If you edit your SSIS task where you define the import you can choose the error handling for each column. There you can choose to set it to fail and stop, to ignore and go on, etc.
This links should help you to handle it on your needs:
http://sqlblog.com/blogs/rushabh_mehta/archive/2008/04/24/gracefully-handing-task-error-in-ssis-package.aspx
and
http://sqlserver360.blogspot.de/2011/03/error-handling-in-ssis.html
and
http://msdn.microsoft.com/en-us/library/ms141679.aspx

Related

Count how many fields where cleansed and which fields on SSIS

I'm doing an exercise in which I have to clean data from a Flat File Source and write it on my Database. I have already managed to clean all of the fields by using some data quality rules for each field and also generate error codes which I write to a different table when a rule is broken.
My problem is that for the final step of the exercise I have to generate some Power BI graphics in which it shows how many fields were fixed from the source and which fields where cleansed.

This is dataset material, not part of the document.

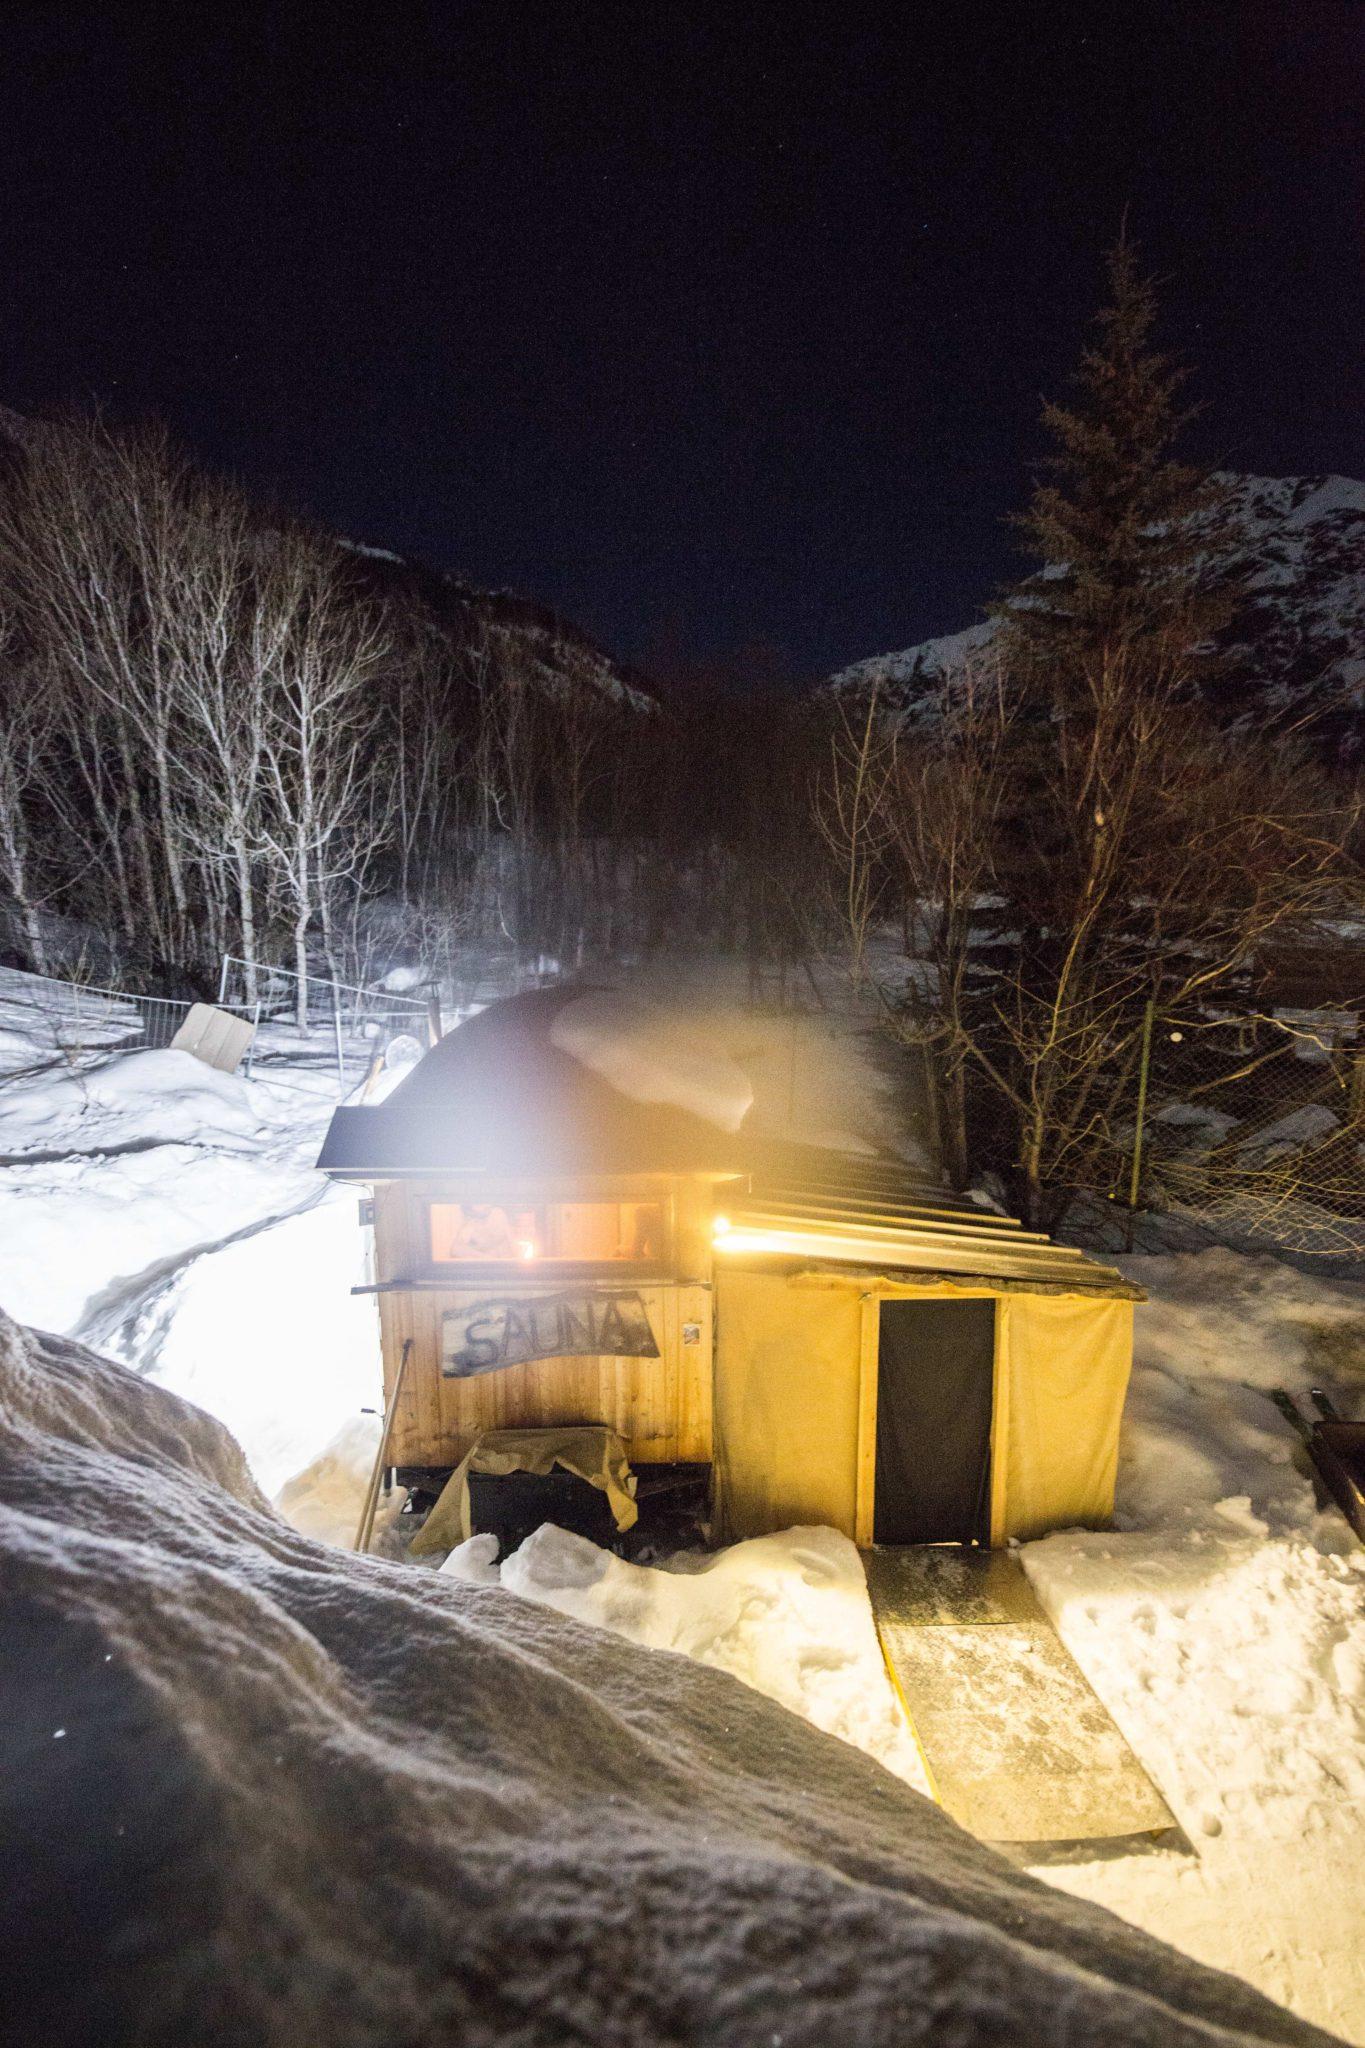 Sauna mobile Pelvoux

The only thing that I have thought compares the DB table to the flat file source or maybe do something with script components but I don't really think that those are really good solutions.
Has anybody encountered this problem? if somebody could point me out for info for something like this, it would be great. Thanks!
If I am facing a similar issue, I will do this in three steps:
Importing data without any transformation to a staging table
Cleaning data and loading it into the destination table
Comparing staging and destination table to get how many values were fixed.
From design standpoint - establishing a key is central before starting to clean.
Use could use SSIS derived column transformation to create a business key that is a concatenation of available fields to create a unique key, using FindString function and string functions.
Similar to the above step add a column in your staging table or use a derived column (depending on if you are using sql cleanup or ssis tasks to cleanup) to indicate if it was cleaned or not.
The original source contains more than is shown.